Ian McKellen et Patrick Stewart dans En attendant Godot.Photo de : Joan Marcus 2013

On dit parfois que les grands acteurs disparaissent dans leurs rôles, mais je ne suis pas sûr que ce soit vrai. Regarder Ian McKellen mercredi dernier dans un programme double de Harold PinterLe no man's land(en matinée) et celui de Samuel BeckettEn attendant Godot(le soir), j'avais plutôt le sentiment inverse : que les rôles disparaissaient chez lui. Il avait absorbé les deux personnages et les présentait maintenant chacun, avec une fidélité totale et un brillant éclat, par l'intermédiaire de sa voix et de son corps. Comme Spooner (dansLe no man's land) il était insinuant, minable, avec la posture d'un point-virgule et le port vermifuge d'un mooch de toute une vie. Ses cheveux, sous un bonnet brun sale, étaient grassement tirés en une petite queue de cochon ; sa voix était stratégiquement mielleuse. Et puis, quelques heures plus tard, barbu et melon et à peine capable de marcher, il réapparut sous le nom d'Estragon (dansGodot) : son visage se fermait comme certains SDF qu'on voit dans le métro, sa voix rauque et pleine de bavures comme si on l'avait trop utilisée dans le passé et pas assez ces derniers temps.
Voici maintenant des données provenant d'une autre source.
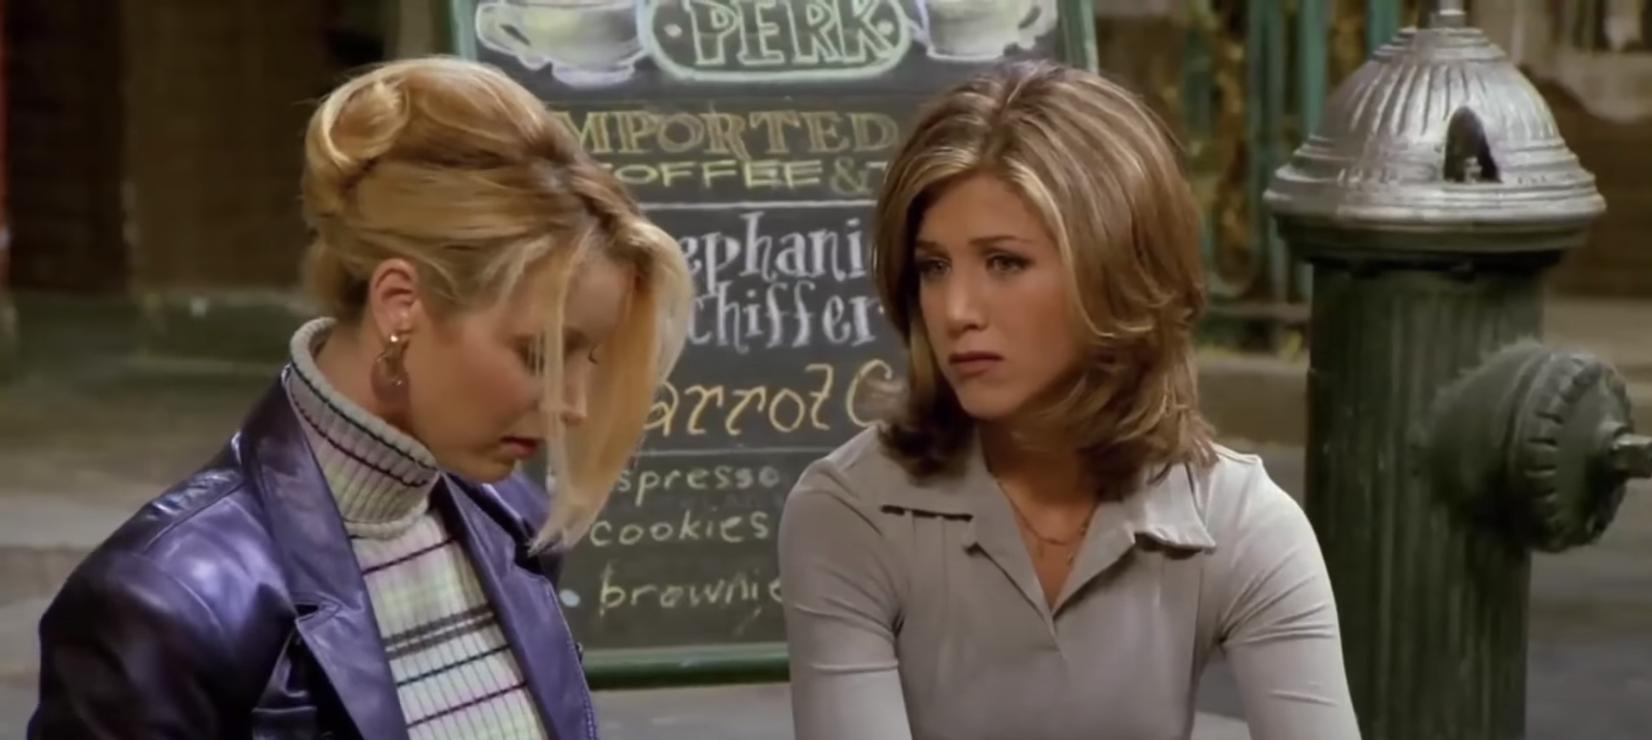 Phoebe and Rachel having a conversation on the sidewalk

Il ne s’agissait pas là de la supercherie d’une caricature superficielle mais du mystère d’un jeu d’acteur profond à l’œuvre. Il semblait que si vous pouviez couper Estragon en deux, il serait toujours Estragon, jusqu'au bout. Pareil avec Spooner. Et pourtant, comment cela pouvait-il en être ainsi, alors qu’un seul homme jouait les deux et qu’ils ne se ressemblaient en rien ? Et aussi, paradoxalement, comment cela pouvait-il en être ainsi alors que tous deux étaient clairement McKellen, avec son intelligence calculatrice, son sens sec du mal, ses feux de sentiments en réserve ? Comme Pinter et Beckett l’avaient sans doute voulu, et comme le multiplie ici l’association parfaite des pièces du répertoire, je me suis retrouvé à réfléchir non seulement à la question de savoir combien de personnes un acteur contient, mais combien de personnes nous composons tous.

CertainementLe no man's land, le titre le moins connu, aborde directement cette énigme. Au lever du rideau, nous rencontrons Spooner, un poète minable, et Hirst, un poète plus prospère, dans le salon aux allures de mausolée de Hirst. Hirst a récupéré Spooner (ou vice versa) après une promenade à Hampstead Heath, un grand parc londonien célèbre pour ses rendez-vous clandestins. Il n’est pas clair si la drague est sexuelle ; bien que soixante-dix ans, ils semblent (au début) être célibataires et étrangers. Mais les connotations gaies sont aussi vite réprimées qu’elles sont émises. Spooner, bien qu’admettant être un « observateur entre les brindilles », est désormais « trop vieux pour toute sorte d’attentes ». En fait – si une telle expression peut s’appliquer à Pinter – nous entendons vite dire que chaque homme est marié, ou l’était, ou ne l’était pas. Et qu’ils se connaissent au moins depuis le collège. Hirst, dans une performance parfaitement calibrée de Patrick Stewart, raconte avec jovialité comment il a cocu Spooner avec sa femme pendant des années. ("Son ardeur était, d'après mon expérience, sans précédent.") Spooner rend la pareille avec une description de sa liaison avec la charmante Arabella Hinscott, que Hirst aimait également. (Bien qu’elle n’ait pas permis la « pleine consommation », elle était « satisfaite de sa prédilection particulière ».) Mais à présent, Hirst appelle Spooner « Charles Wetherby ». Et Spooner semble postuler pour un emploi.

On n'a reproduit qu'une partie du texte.